Fig. 1: Hit optimization workflow.
figure 1

A set of 125 monoacylglycerol lipase (MAGL)-inhibiting “hit" molecules (starting points) containing N-heterocycles are combined with 211 commercially available carboxylic acids to generate 26,375 hypothetical products. These virtual molecules are passed through a series of filters to identify potent, synthetically accessible molecules with favorable physicochemical properties ("machine learning funnel"). Multi-template docking and a machine learning-based potency scoring function are used to identify candidate molecules. Synthetic accessibility is predicted using graph neural networks (GNNs) trained on a novel reaction data set encompassing 13,490 Minisci-type alkylation reactions. Physicochemical properties are determined using various, readily available machine learning-based predictions.

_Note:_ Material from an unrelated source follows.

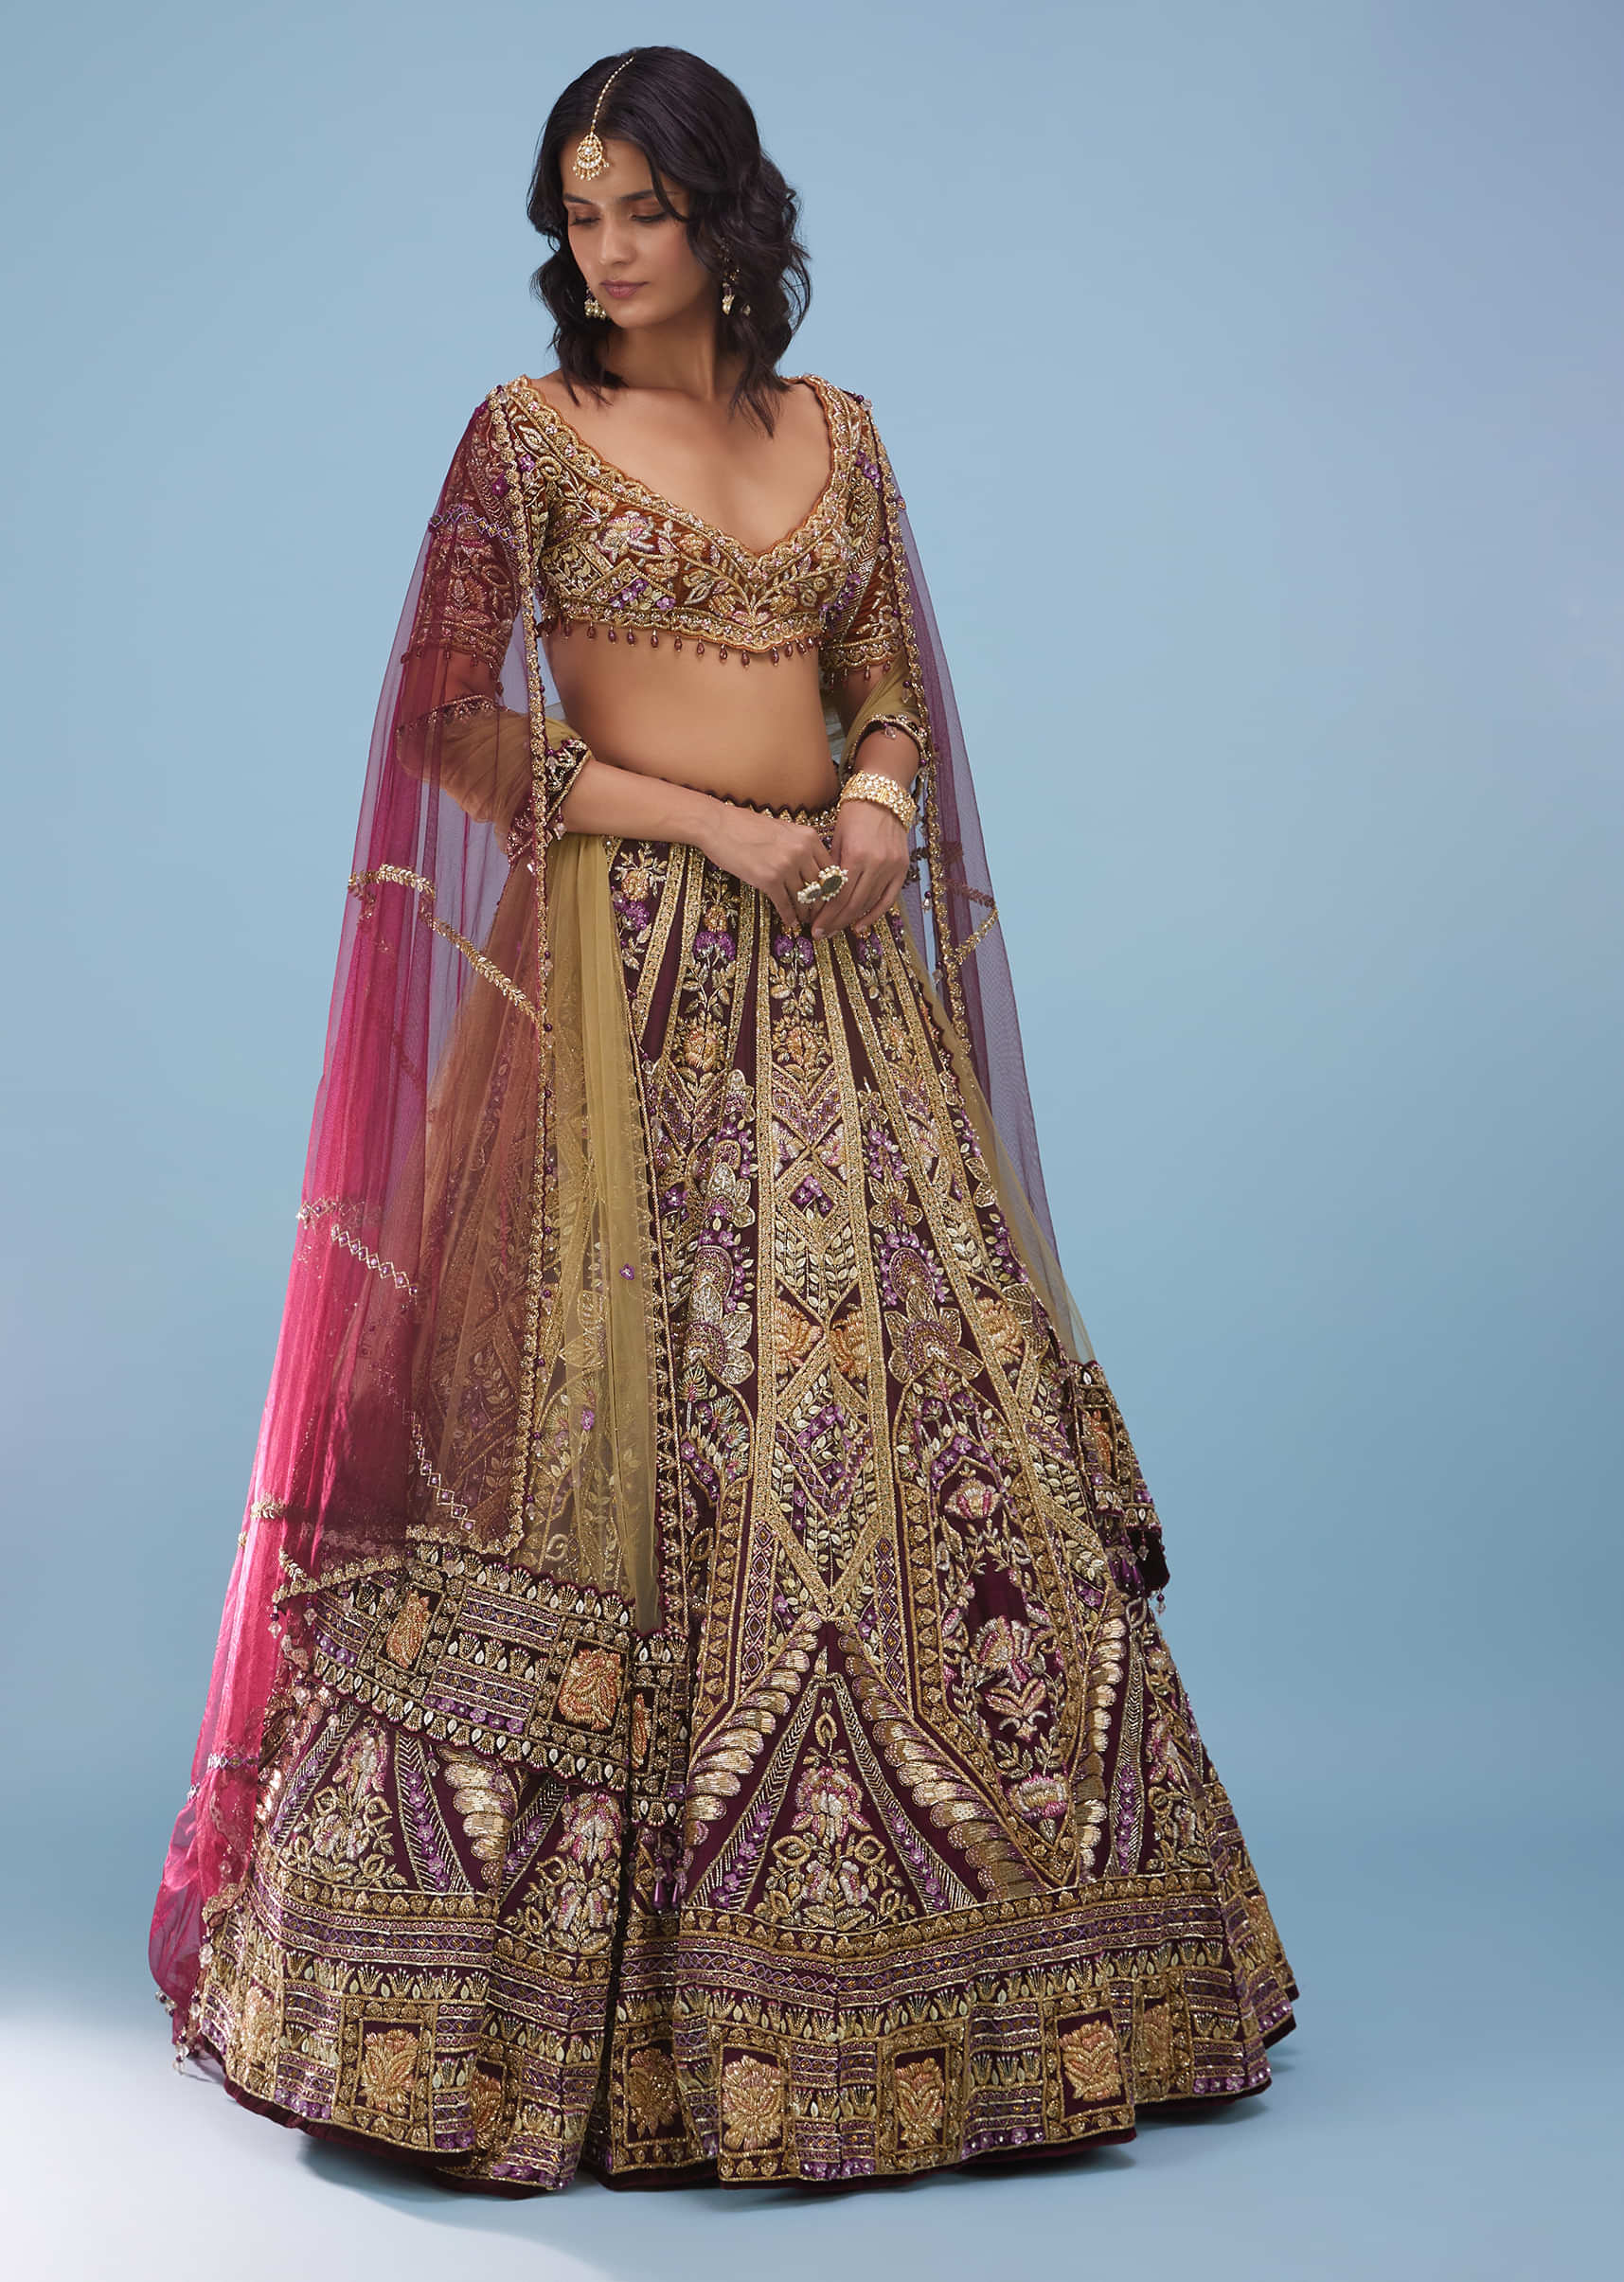 Wine Red Queenly Bridal Lehenga In Velvet With Heavy Floral Embroidery - NOOR 2022

Consequently, from 212 potentially suitable compounds, 34 molecule-acid combinations were manually selected and screened using miniaturized high-throughput experimentation (HTE) to identify favorable alkylation reaction conditions. Based on building block availability, up-scaling of a selected number of reactions successfully delivered 14 compounds with improved profiles.

Results

Reaction data set generation with miniaturized high-throughput experimentation

Generation of the reaction data set for Minisci-type alkylation reactions involved the experimental evaluation of a variety of electron-deficient heterocyclic fragments in combination with various sp3-rich carboxylic acids. 80 common medicinal chemistry fragments (e.g., pyridines, pyrimidines, quinolines, benzoxazoles, F1-F80Supplementary Information [SI]4.1) and 59 carboxylic acids (A1-A59SI4.2) were selected, resulting in a chemical space of 4,720 possible combinations (Fig. 2A). Data analysis using the Simple User-Friendly Reaction Format (SURF)16 revealed variable reactivity dependent on different silver salts and additives while maintaining consistent oxidant and solvent systems. Consequently, each fragment+acid combination was assessed with different catalysts and additives in a 24-well plate format (Fig. 2F, SI3).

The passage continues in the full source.